We can take a small interval window (which window function exactly is another parameter here) and slide it through the input signal and compute frequencies as we are sliding. We can visualize the result for an audio of few spoken vowels into the following spectrogram.

But we can also move a window very slowly, sample by sample in the original input audio. Then we get for each frequency a new signal corresponding to how this particular frequency has been changing on average inside this window (I used a 30 ms long rectangular window). An example of such new signal is depicted with green border on the spectrogram above. Now, to use my idea, we run a frequency transform on these signals for each frequency again. As a result we get for each frequency in the input audio what are frequencies of changes of that frequency. To me this is similar to a derivative of a derivative, a second derivative.

As na experiment, I ran this on recordings of individual speech sounds. In this case I simply computed the second frequency transform over the whole new signal for each input frequency. But we could be doing windowing and sliding again, to determine how sounds are changing through time.

When doing a series of such transforms we hit against a problem of frequency resolution vs. time resolution. Shorter the window is, higher time resolution we have, but less frequency resolution we have. For speech we are interested only in a short frequency band inside which humans speak, so we could use different ways to get good frequency resolution at that band, but I simply used recordings made at a 192 kHz sample rate which provided me with more samples so I was able to have a 30 ms window but still reasonable frequency resolution.

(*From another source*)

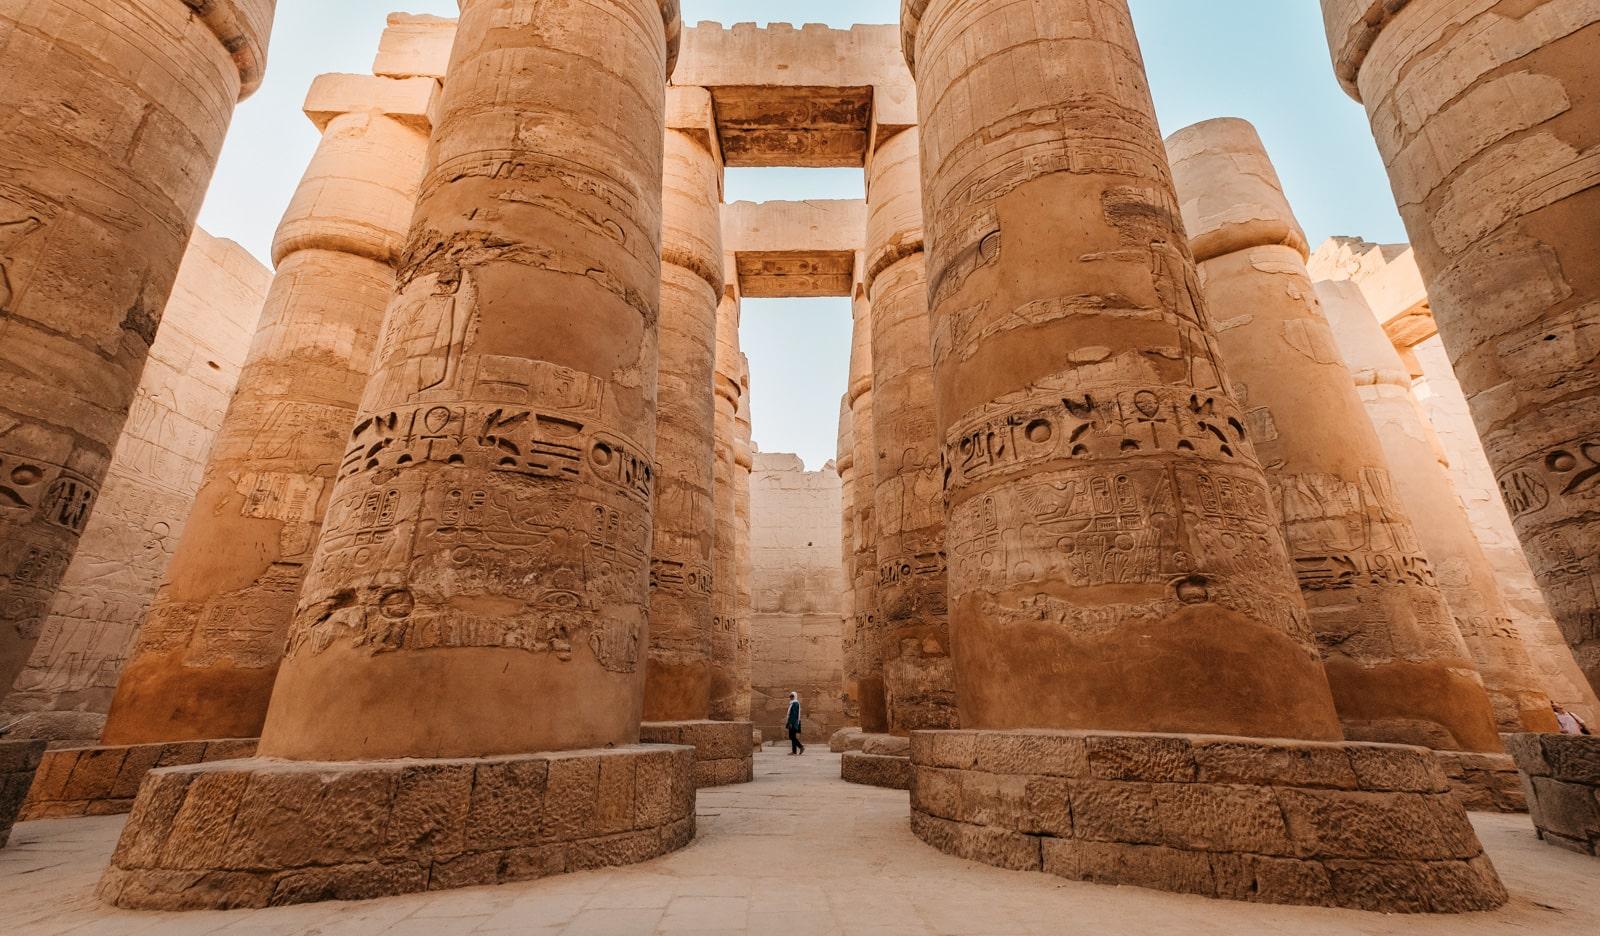 Mısır piramitleri yakınındaki büyük sütunlar

For each of multiple samples per sound I made a double transform and visualized results below. On Y axis we have various frequencies from the input (oriented the same as in the spectrogram above, but just band around human speech shown), and on X axis we have power of each frequency of frequency, starting from the left. It seems changes to frequencies are itself at a very low frequency so I am showing only low frequencies. Each image continues far to the right, but does not contain anything visible there.

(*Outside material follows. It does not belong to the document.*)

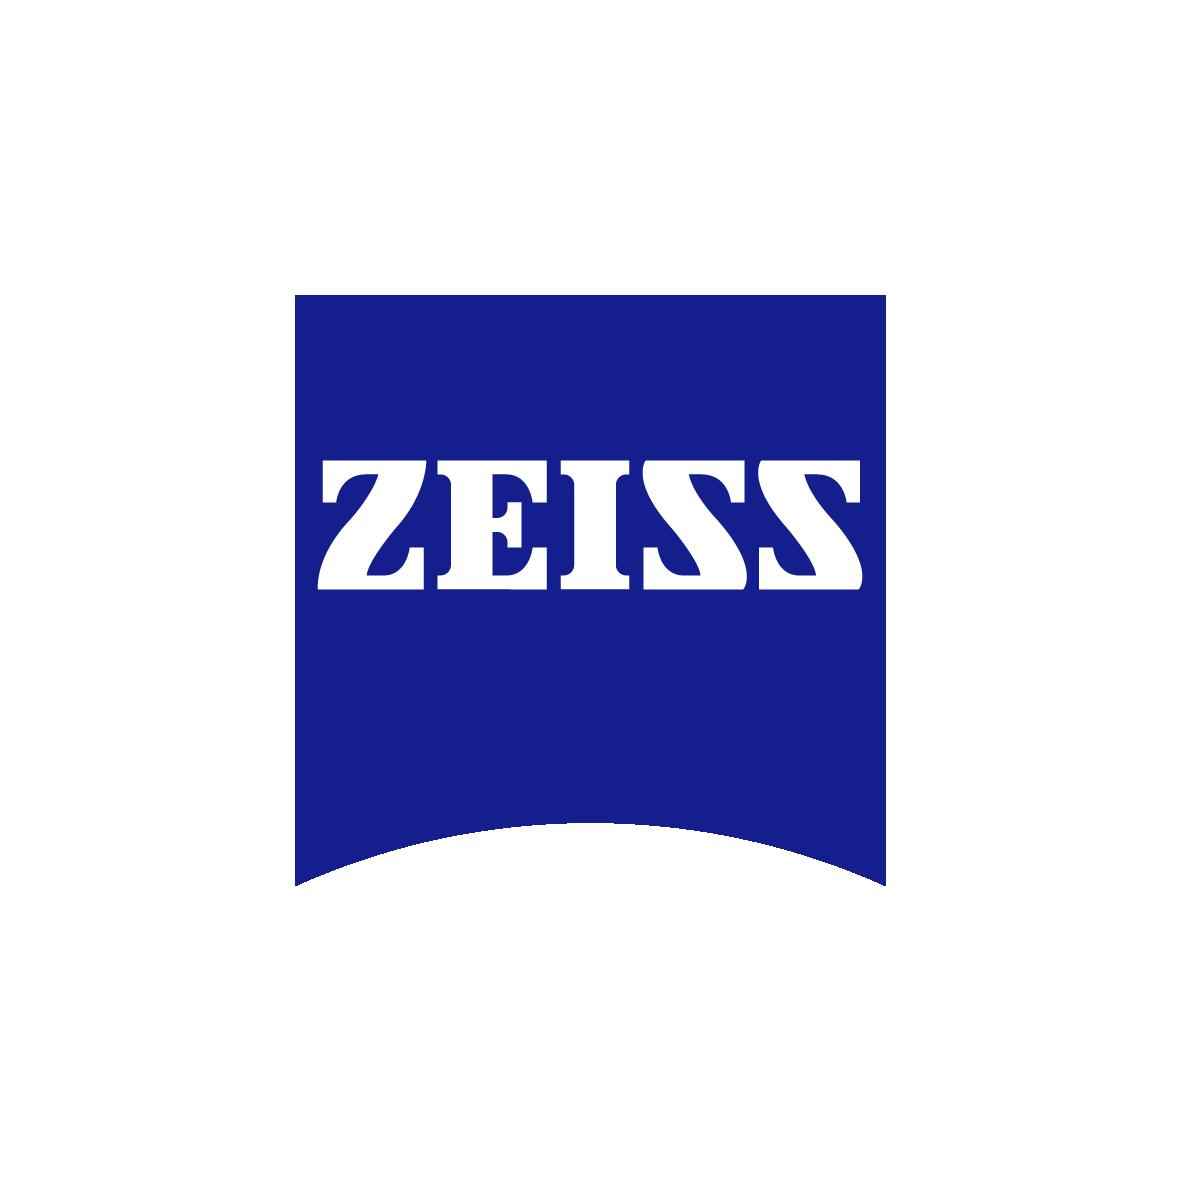 Optiques Thermiques et Jumelles Zeiss chez THS

Visually, they look pretty similar to each other when comparing the same sound, and nicely different when comparing across sounds. This is great! This gives us 555 values (37x15) we can feed into a pattern recognition algorithm. Deep learning or something similar. I will leave to somebody else to test deep learning on this and to determine how to upgrade this one sound recognition to speech recognition when sounds are changing through time. Good luck!